- Exercise details: In the entries that follow, repeat exactly the lines from the one that has "A congressional staffer" through the one that has "Blue Triggerfish (Pseudobalistes", but omit pictures.
+++ Records provided +++
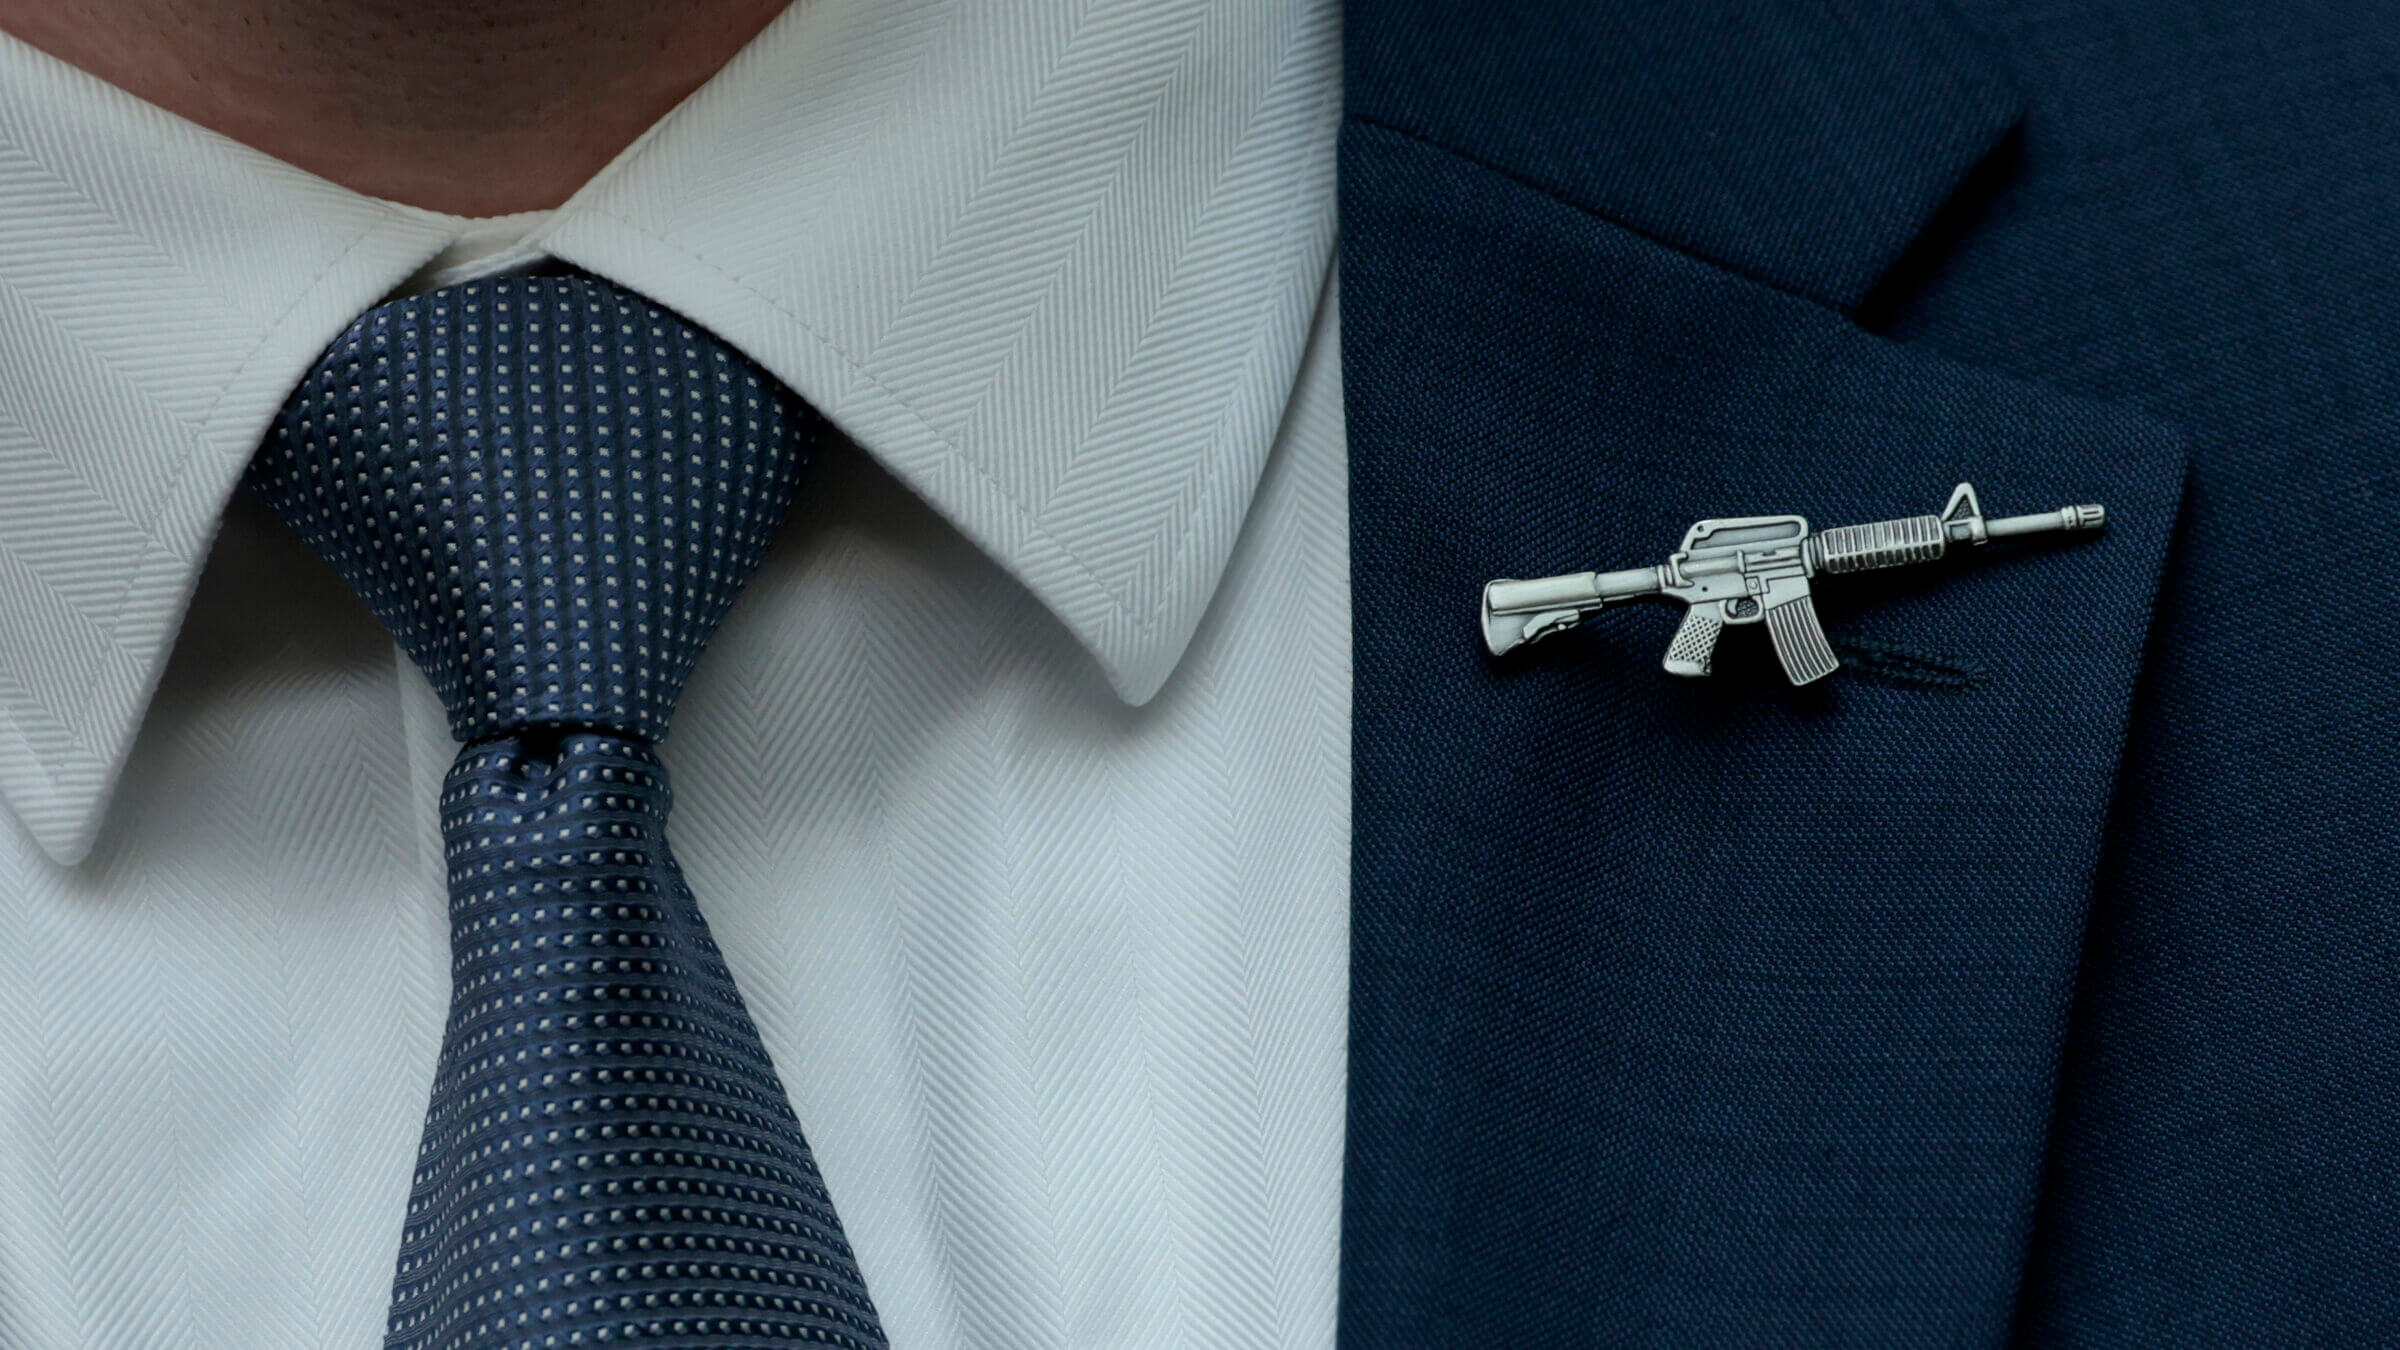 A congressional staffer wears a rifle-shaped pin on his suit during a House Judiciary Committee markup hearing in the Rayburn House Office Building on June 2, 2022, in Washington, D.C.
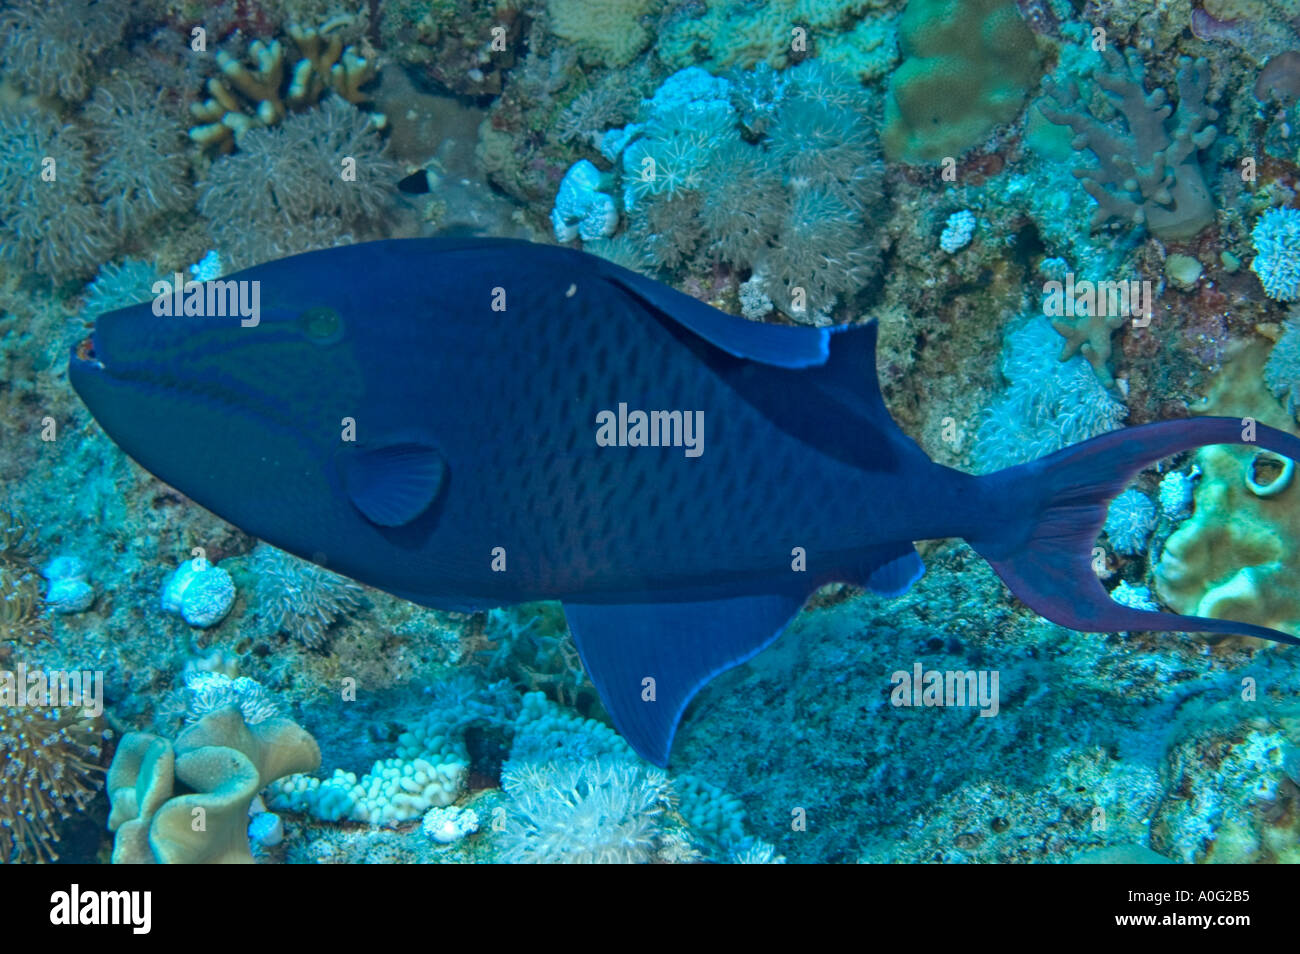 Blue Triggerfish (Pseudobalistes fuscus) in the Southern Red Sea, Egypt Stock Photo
+++
+++ Records provided +++
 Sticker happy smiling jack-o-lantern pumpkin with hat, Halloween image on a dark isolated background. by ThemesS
+++
+++ Records provided +++
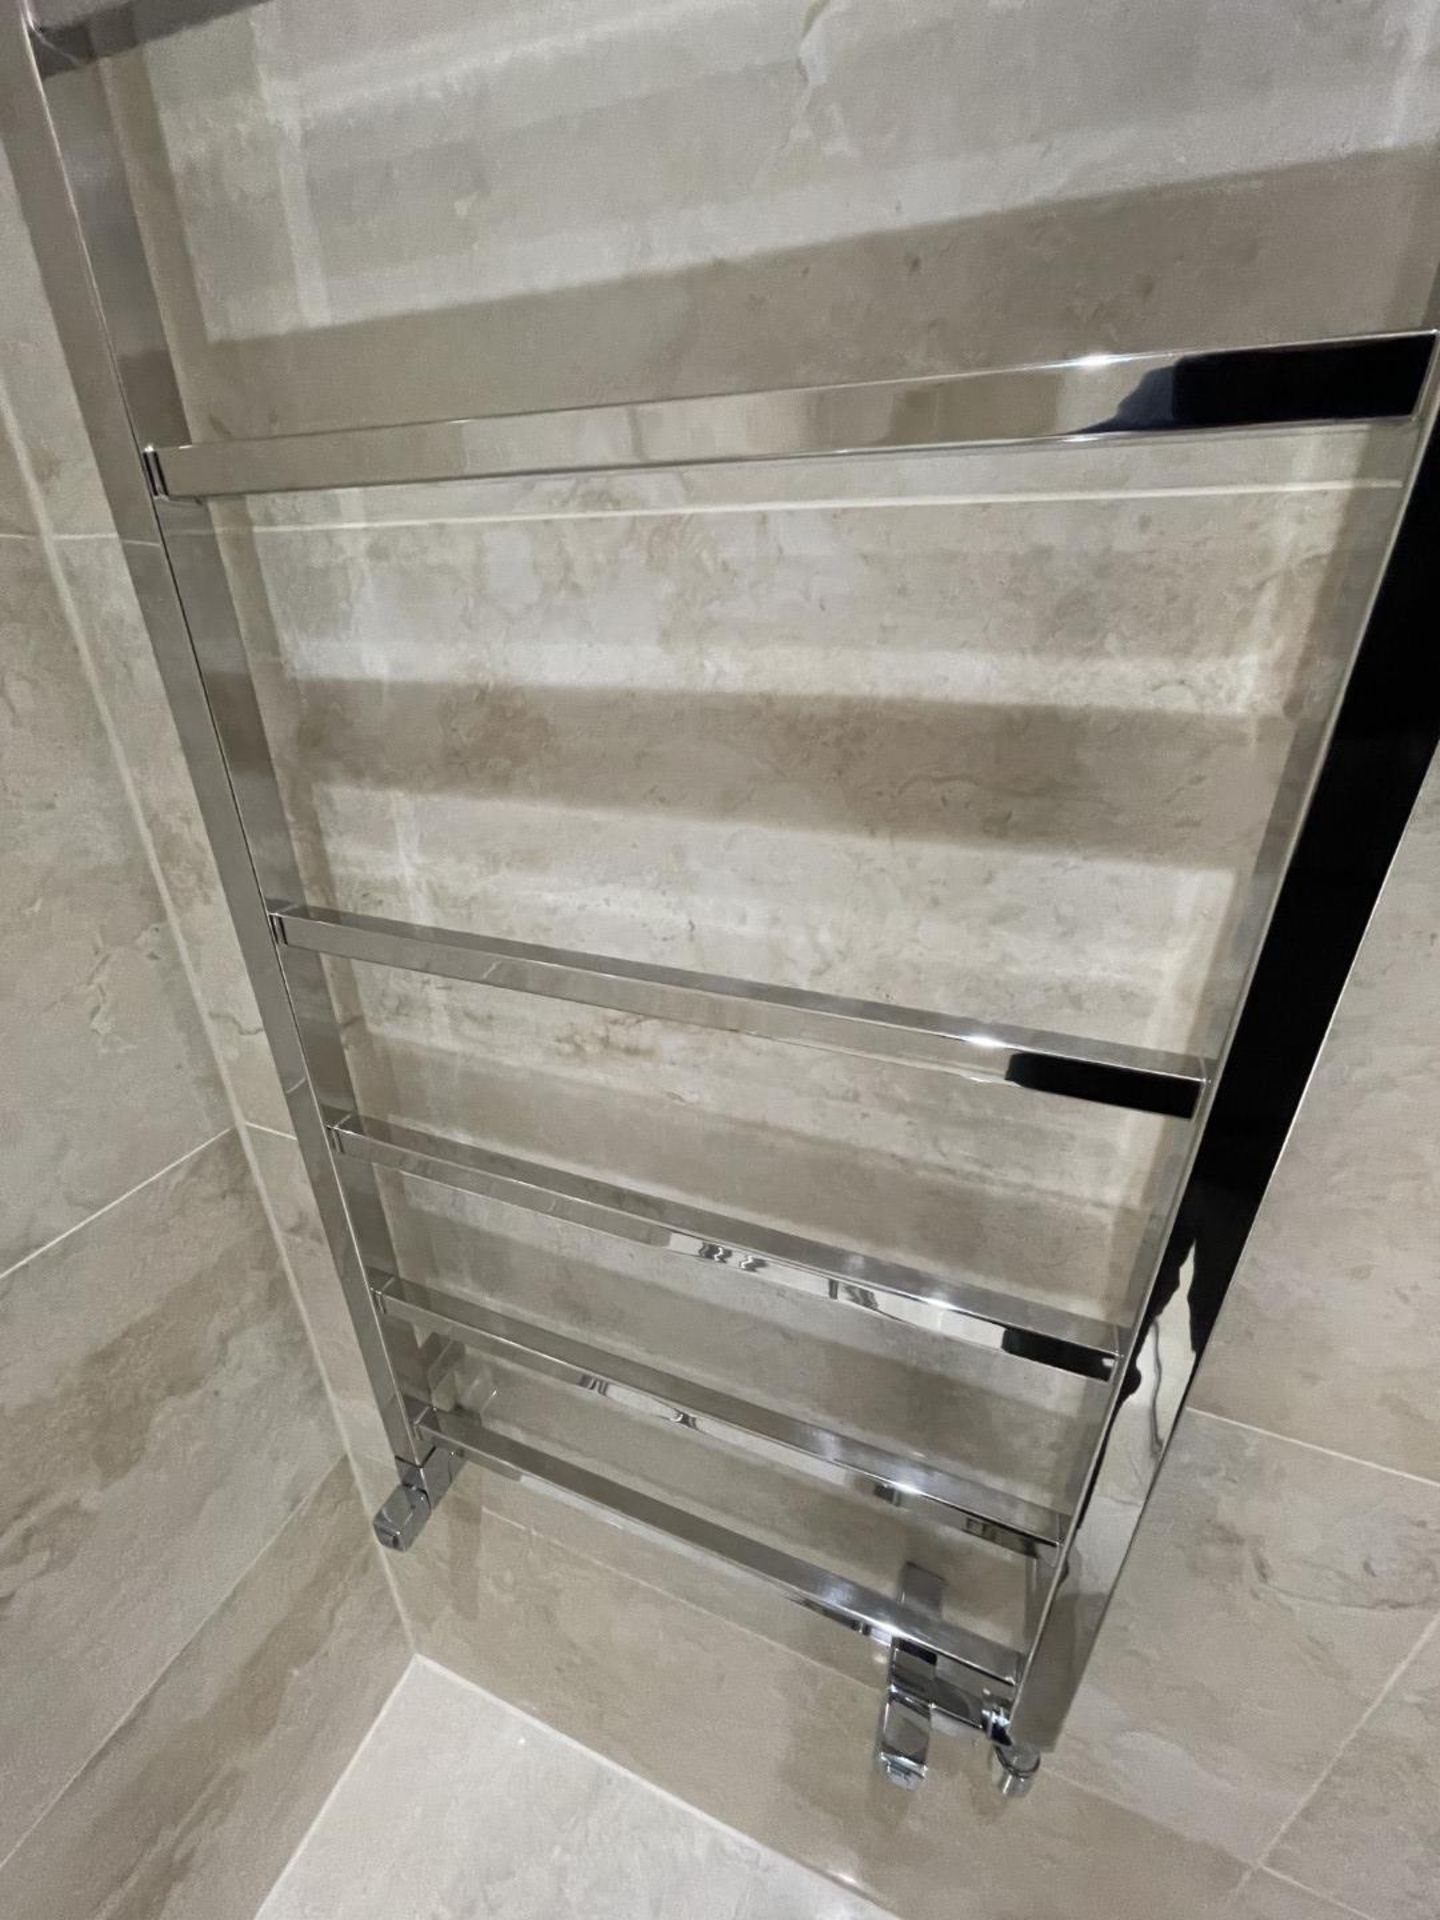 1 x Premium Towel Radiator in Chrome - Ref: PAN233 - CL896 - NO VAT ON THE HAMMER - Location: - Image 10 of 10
+++
- Exercise output:
 A congressional staffer wears a rifle-shaped pin on his suit during a House Judiciary Committee markup hearing in the Rayburn House Office Building on June 2, 2022, in Washington, D.C.
 Blue Triggerfish (Pseudobalistes fuscus) in the Southern Red Sea, Egypt Stock Photo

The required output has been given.